[Task brief] Please give every line below again exactly, but not its pictures.

[Raw data]
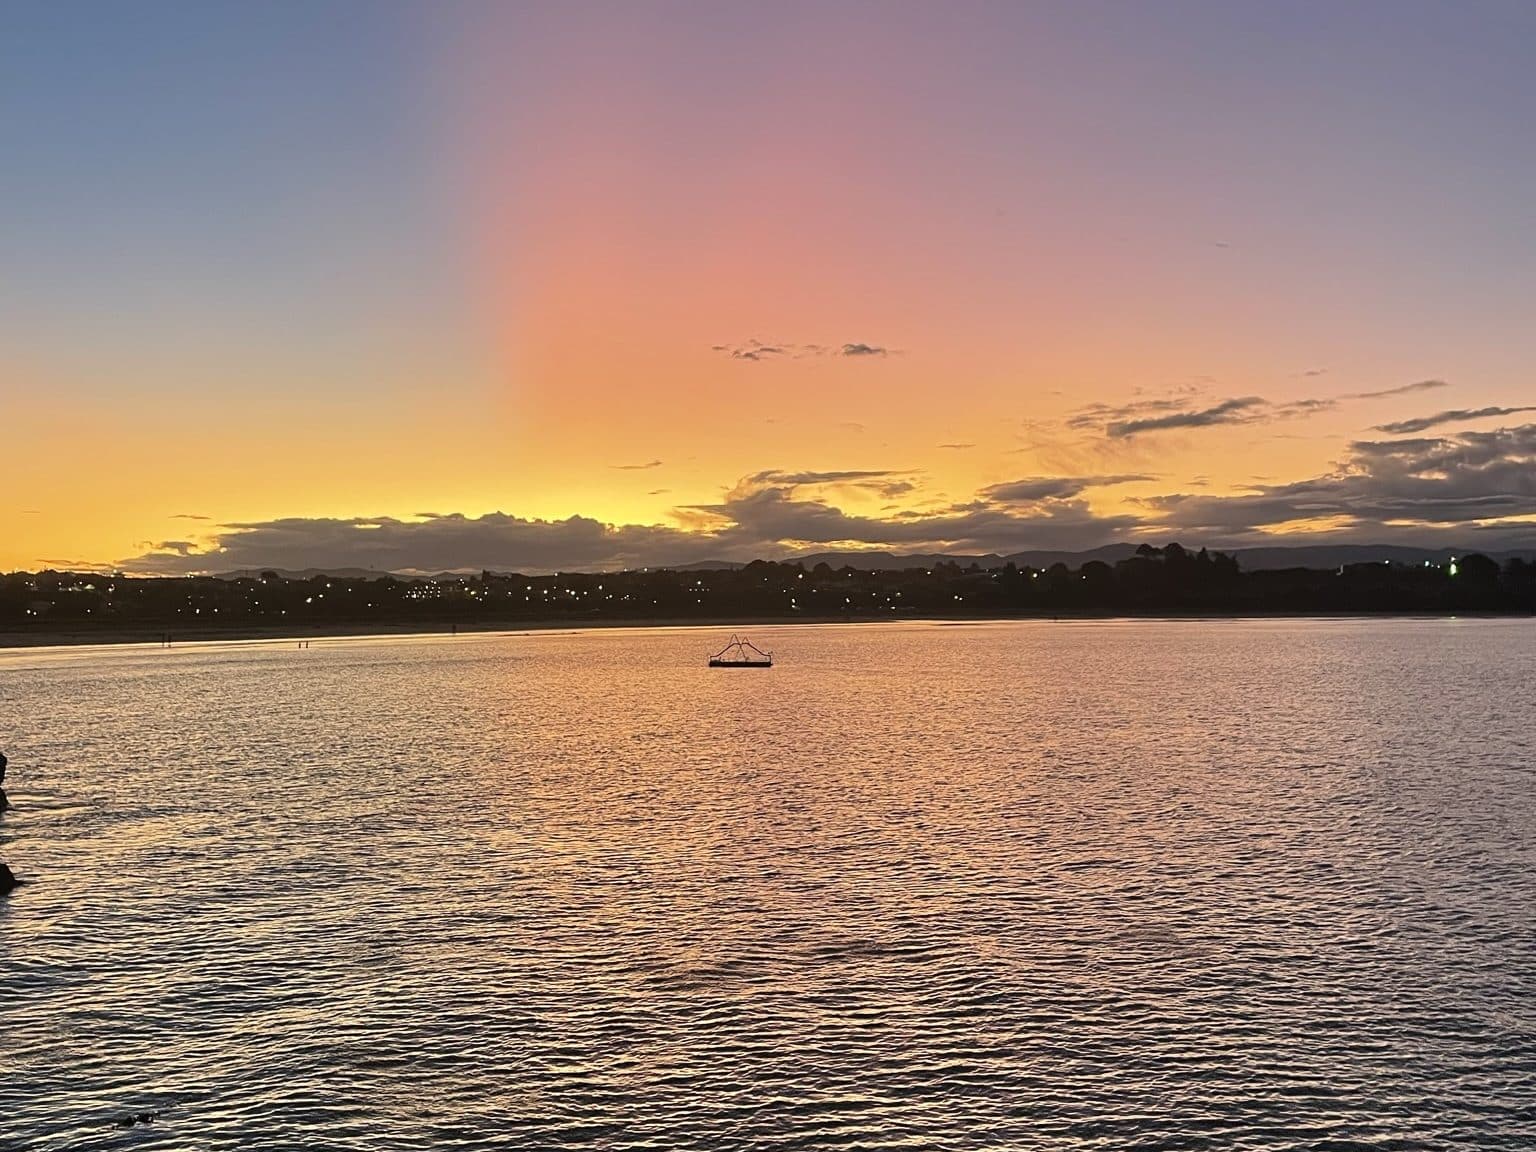 Fantastyczny zachód słońca tuż przed pójściem spać | Darmowe kempingi w Nowej Zelandii
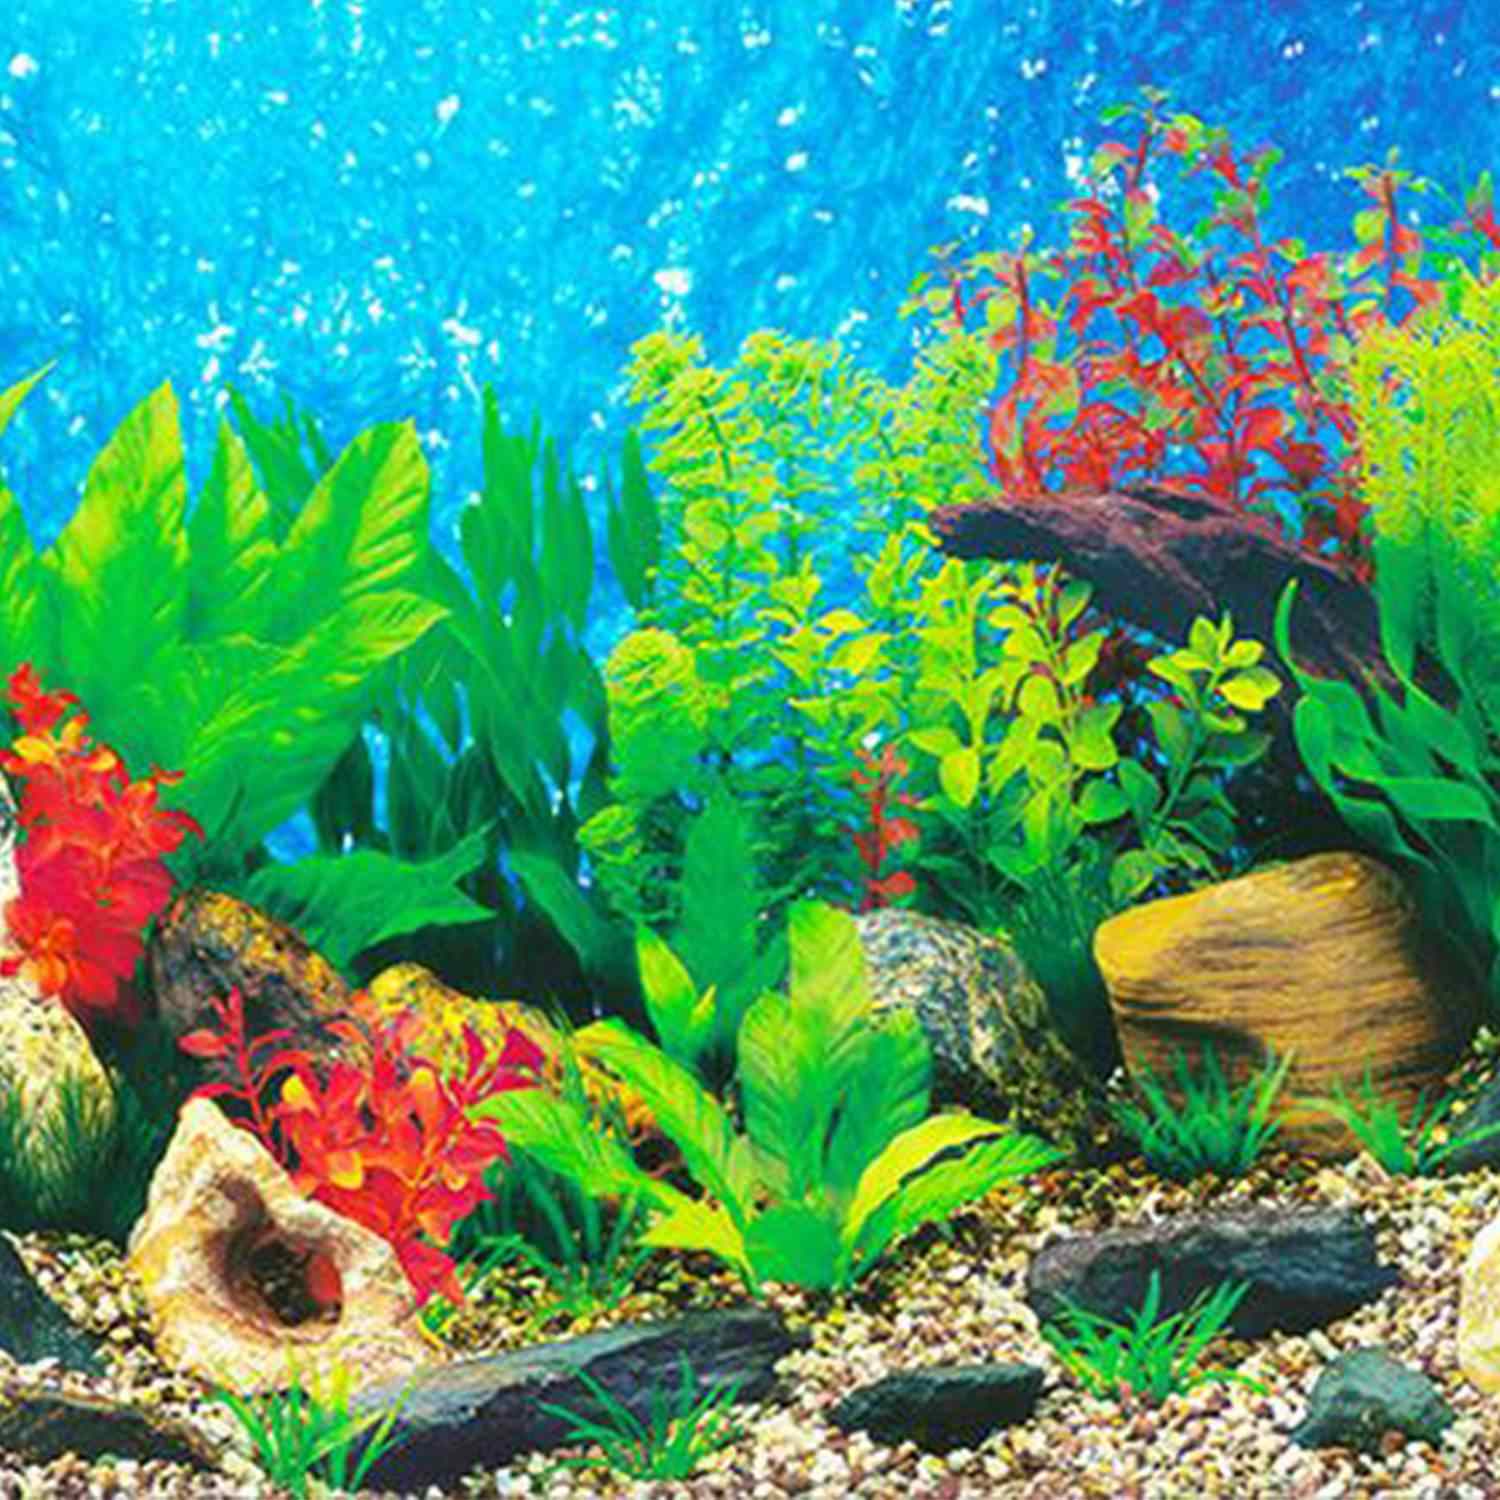 fish tank wallpaper hd,aquarium decor,freshwater aquarium,underwater,aquarium,marine biology
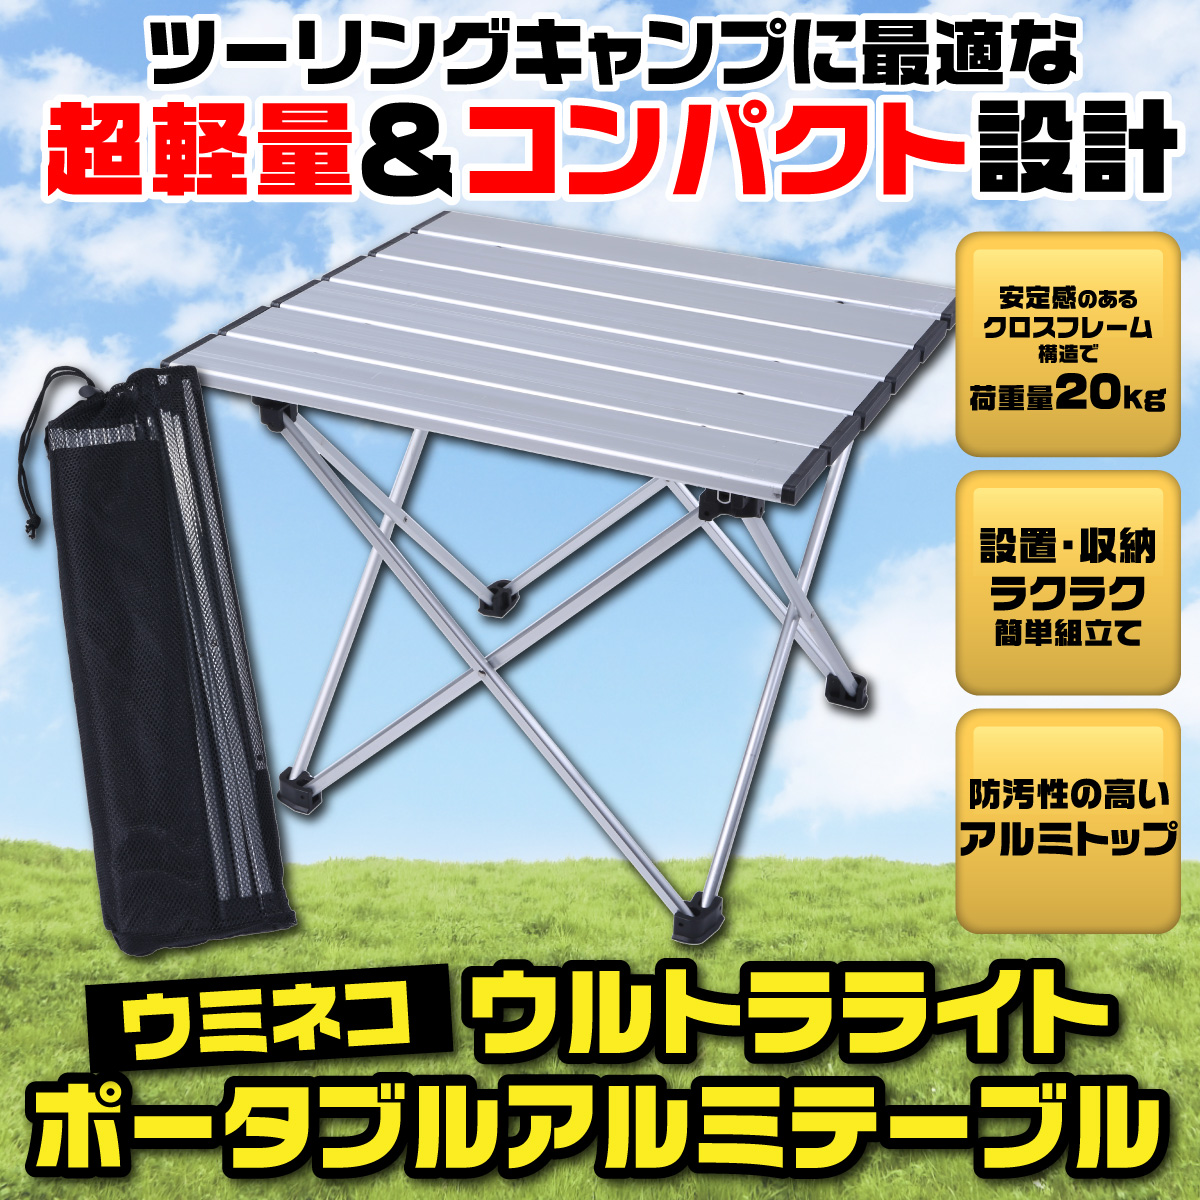 コンパクト テーブル ツーリング ソロ キャンプ 小さい Sサイズ ポータブル 軽量 アウトドア 折りたたみ バイク アルミ 耐熱 ウミネコ
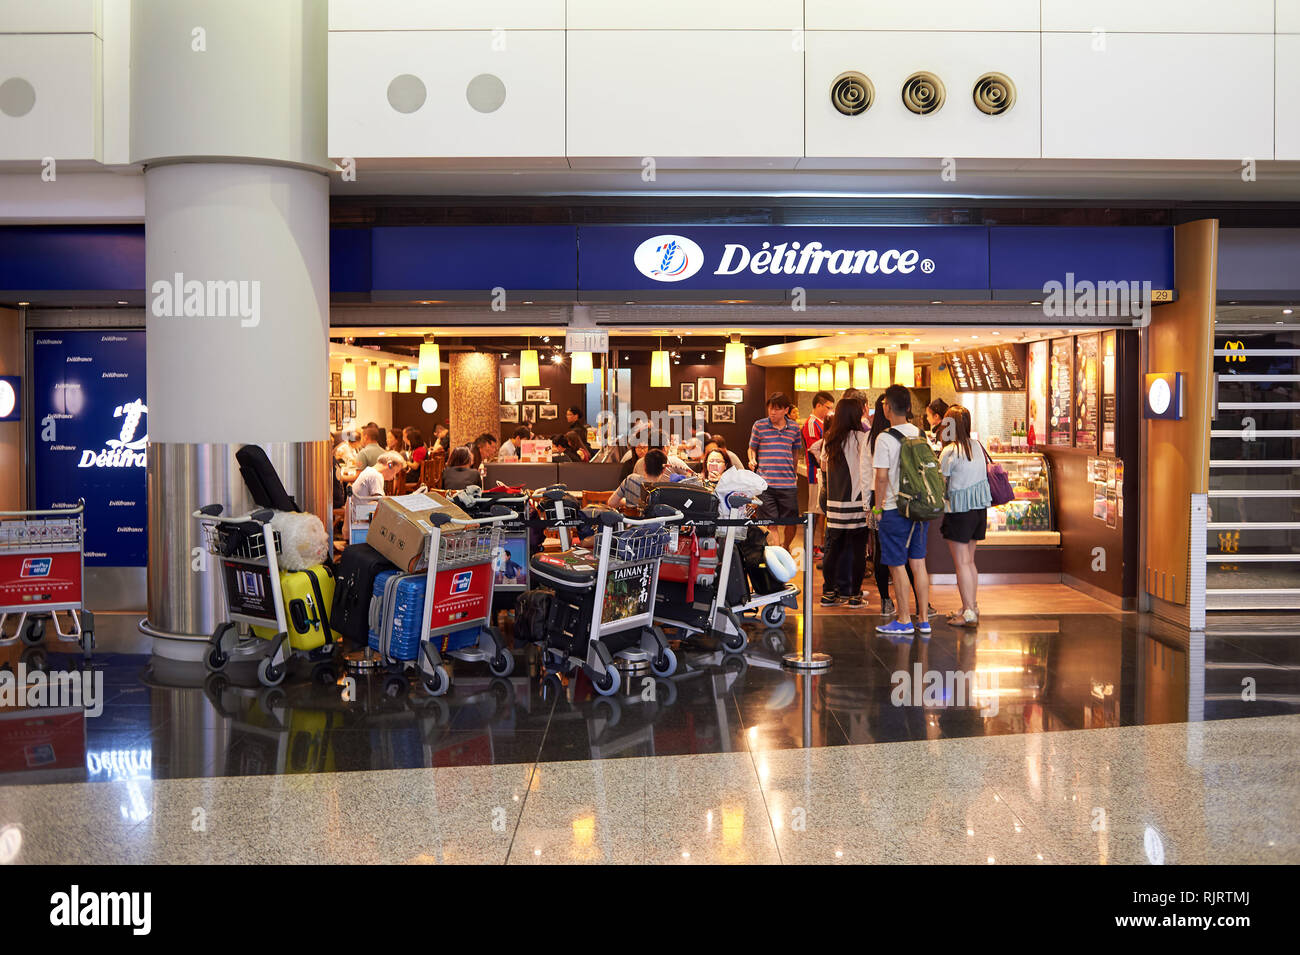 HONG KONG - MAY 06, 2015: Delifrance cafe at Hong Kong Airport. Hong Kong International Airport is the main airport in Hong Kong. It is located on the Stock Photo

[Exercise output]
 Fantastyczny zachód słońca tuż przed pójściem spać | Darmowe kempingi w Nowej Zelandii
 fish tank wallpaper hd,aquarium decor,freshwater aquarium,underwater,aquarium,marine biology
 コンパクト テーブル ツーリング ソロ キャンプ 小さい Sサイズ ポータブル 軽量 アウトドア 折りたたみ バイク アルミ 耐熱 ウミネコ
 HONG KONG - MAY 06, 2015: Delifrance cafe at Hong Kong Airport. Hong Kong International Airport is the main airport in Hong Kong. It is located on the Stock Photo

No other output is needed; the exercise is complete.